▶ Task to carry out
Return all of the listing word for word; the pictures stay out.

▶ Collected data
........

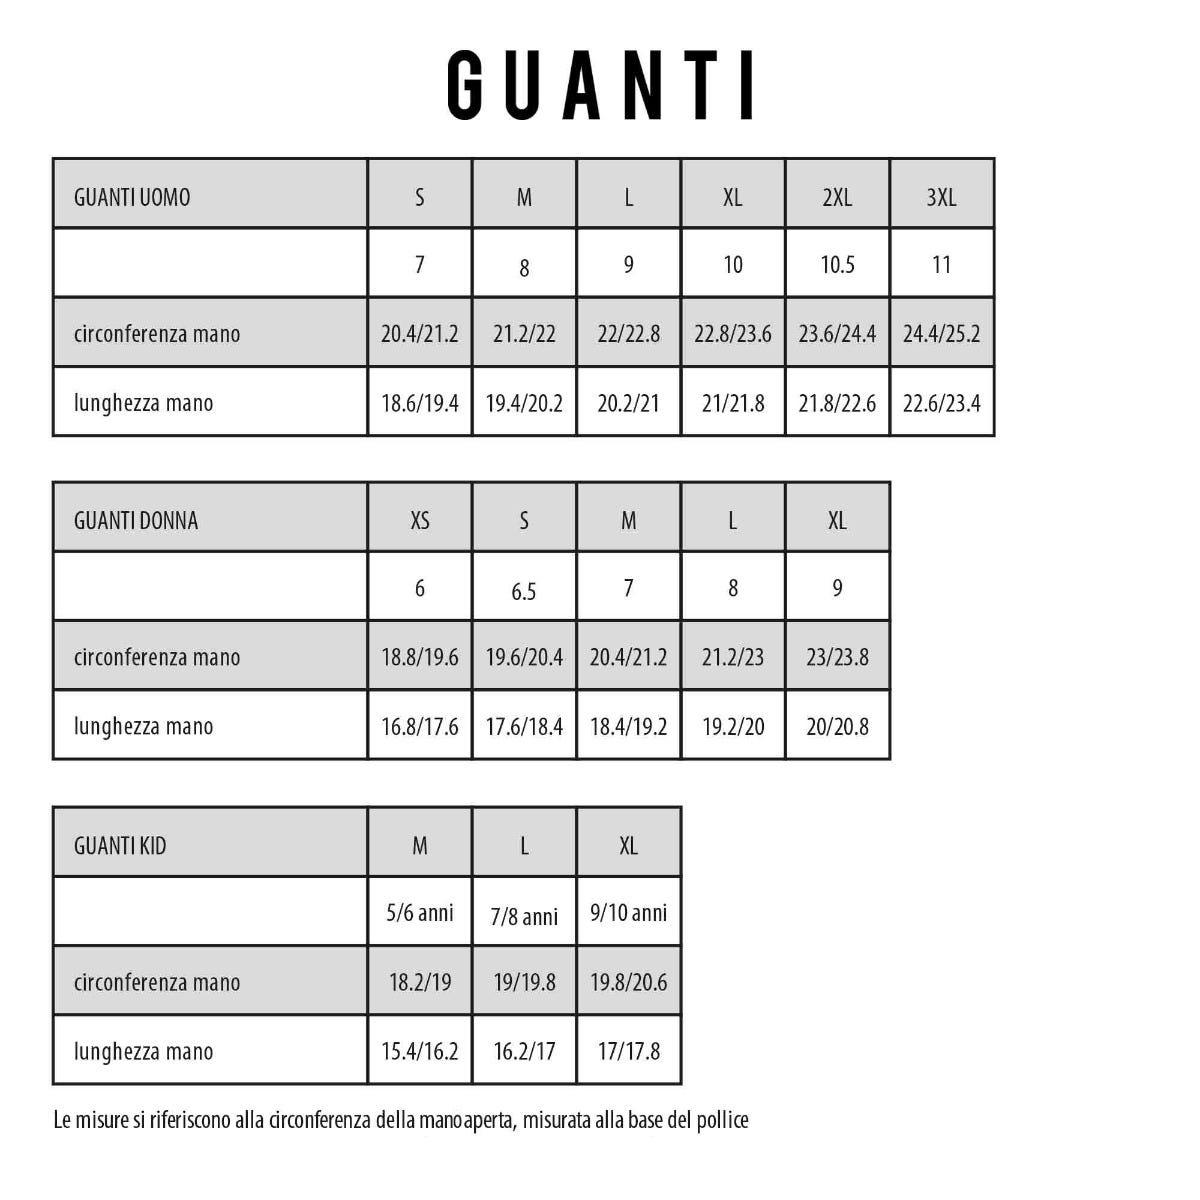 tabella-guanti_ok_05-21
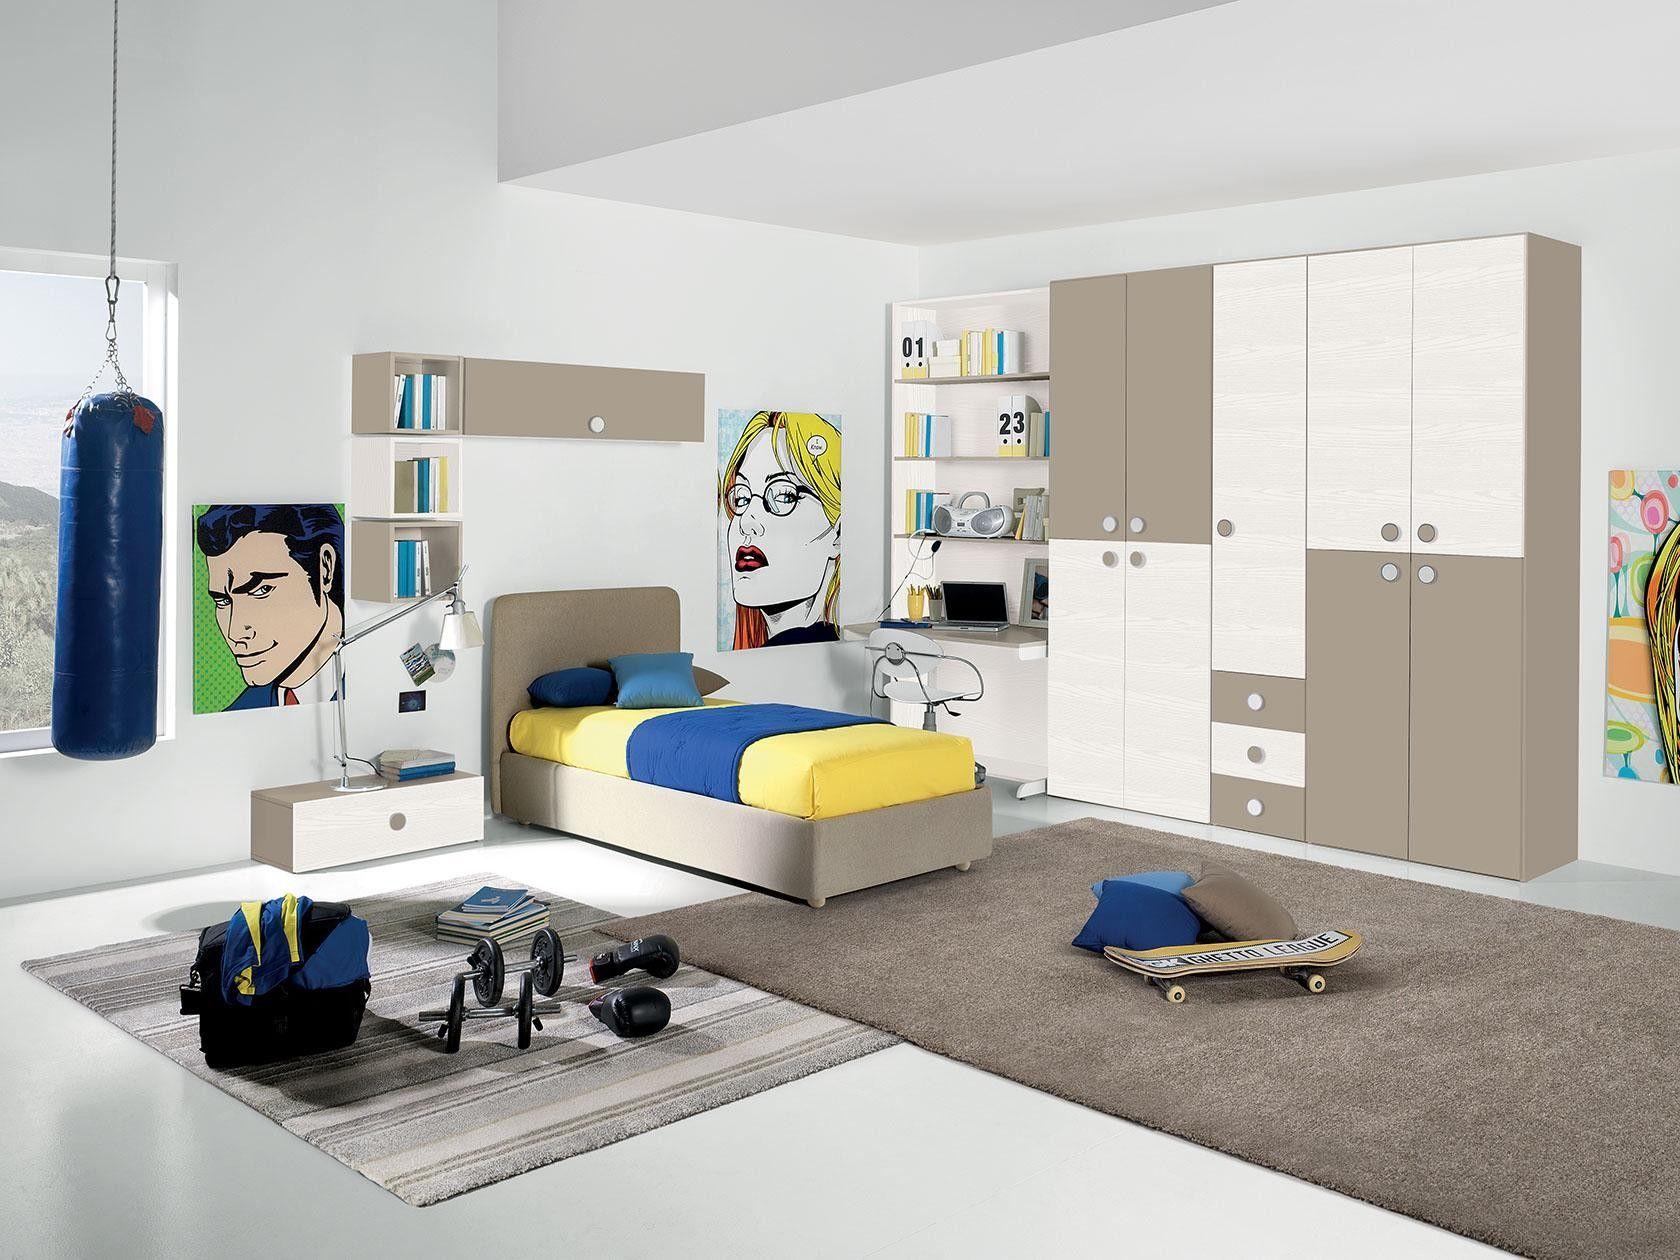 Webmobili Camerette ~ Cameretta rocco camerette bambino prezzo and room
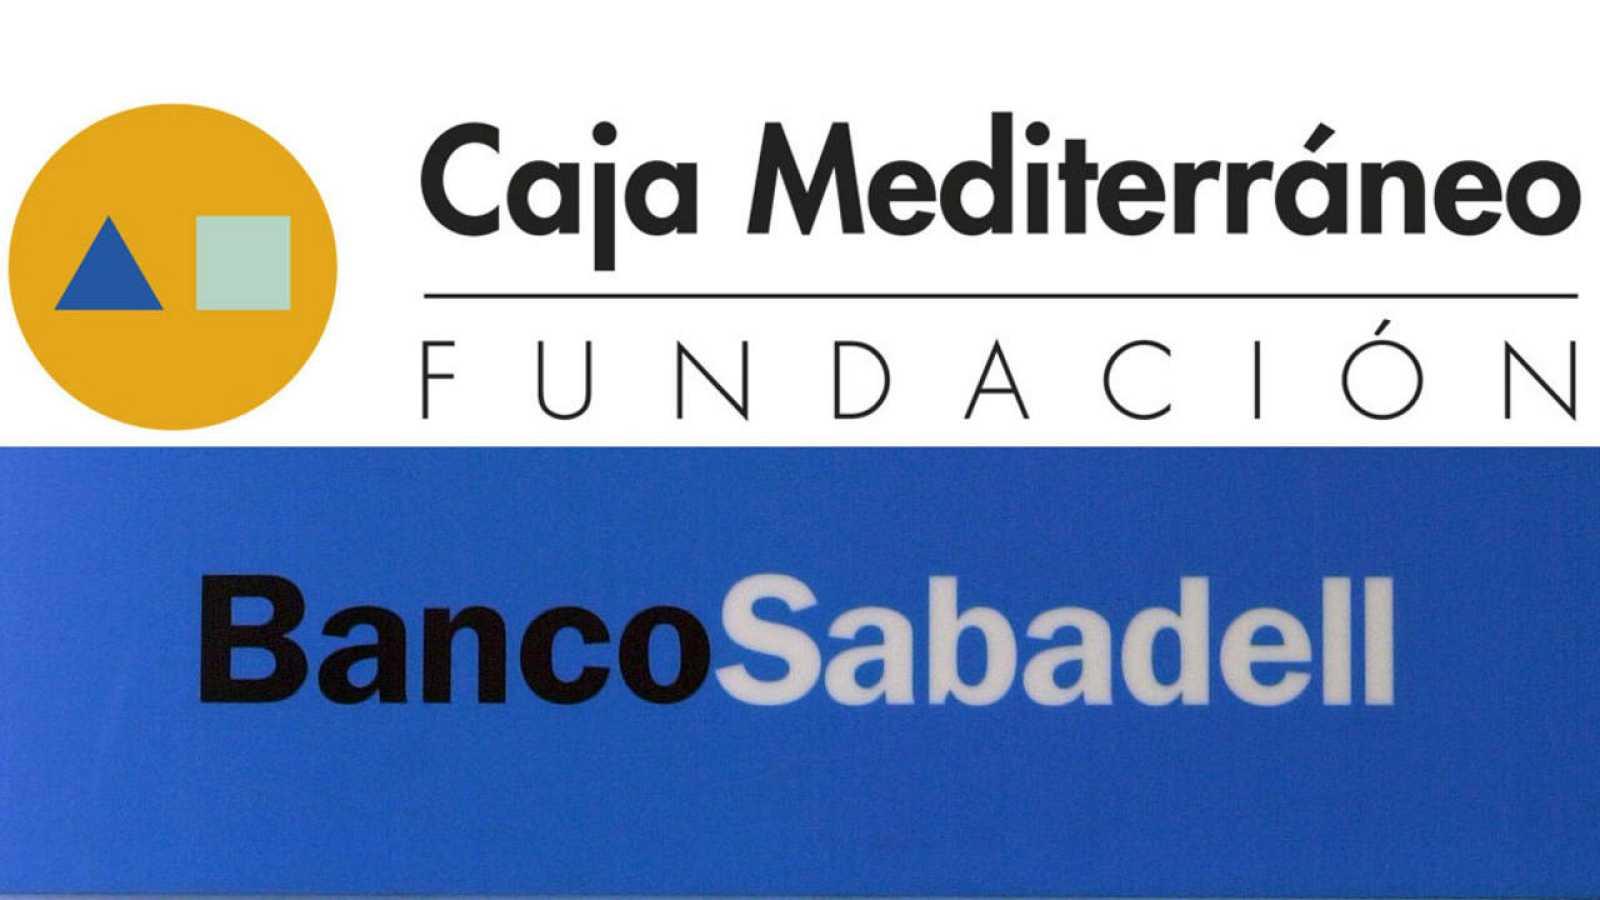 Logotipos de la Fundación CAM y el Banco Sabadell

........

▶ Result below
 tabella-guanti_ok_05-21
 Webmobili Camerette ~ Cameretta rocco camerette bambino prezzo and room
 Logotipos de la Fundación CAM y el Banco Sabadell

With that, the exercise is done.